September 28th, 2005, 08:05 AM
Aside from educating your users about not giving their passwords out, you also need to educate them on choosing a GOOD password. As mentioned above, MANY people use passwords such as "god", "password", "administrator", etc...
Originally posted here by MURACU
Add a password scan with details on how long it took you to get 90% of the passwords in the company and most people sit up and take notice. Especially with things like 25 people out of 50 use "god" as their password. Basically what i am saying is moer or less the same as what has been said before educate your users and communicate the importance of security to them.

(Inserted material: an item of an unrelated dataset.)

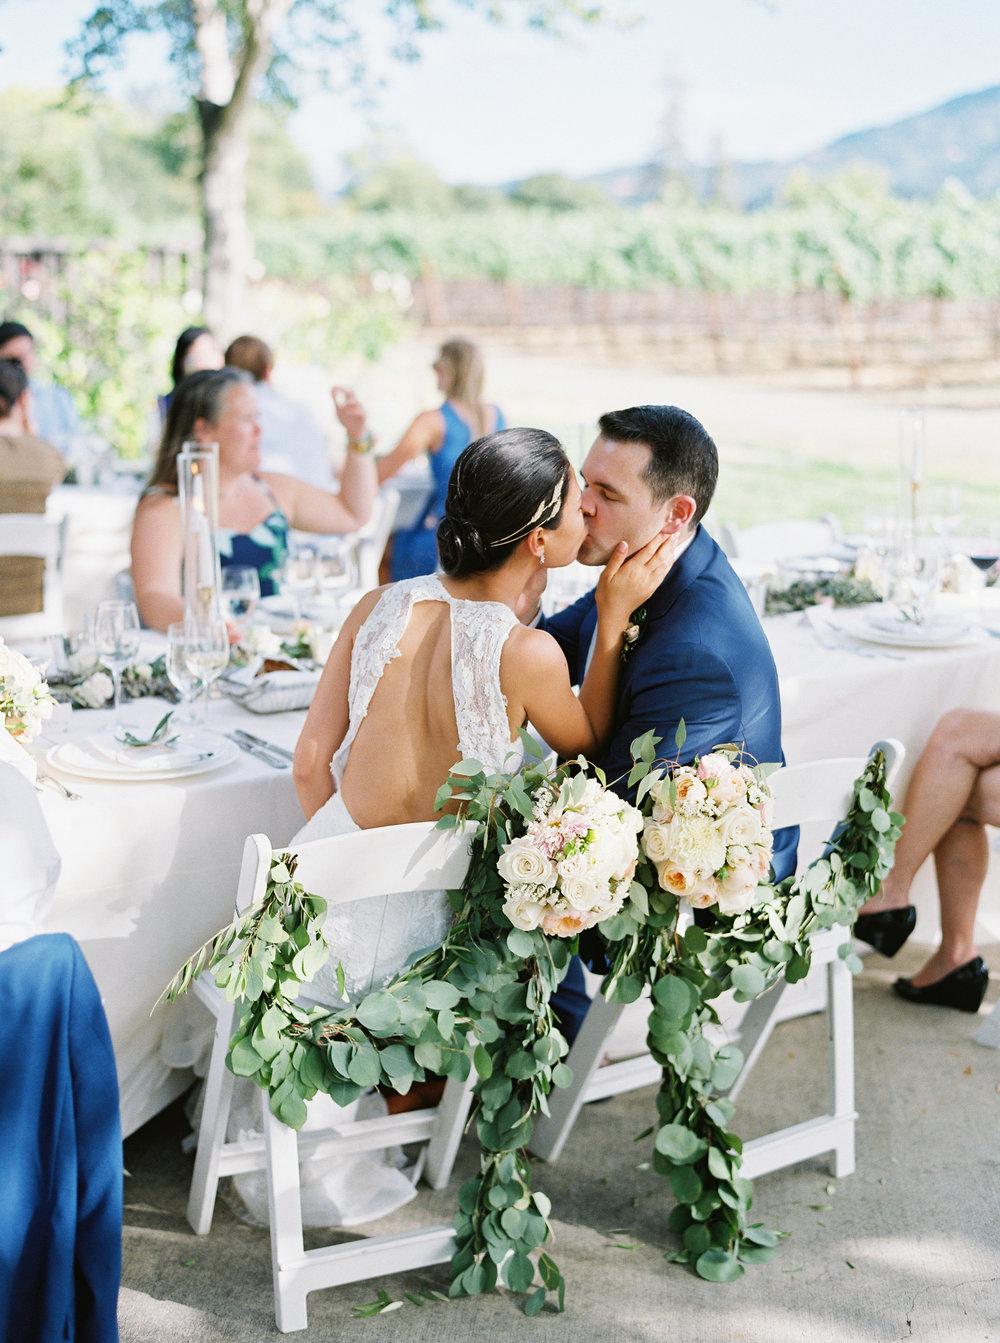 Harvest-inn-wedding-in-napa-california-64.jpg

A good password should include both letters and numbers as well as - if possible and allowed - special characters. examples would include the following (and these are just made up):
While many places limit the length of a password, I have always felt that people should be able to set their own PW lengths as long as they are able to remember them. Hence in my company, all employees are not only encouraged but required to set a minimum PW length of 12 alphanumeric/special characters.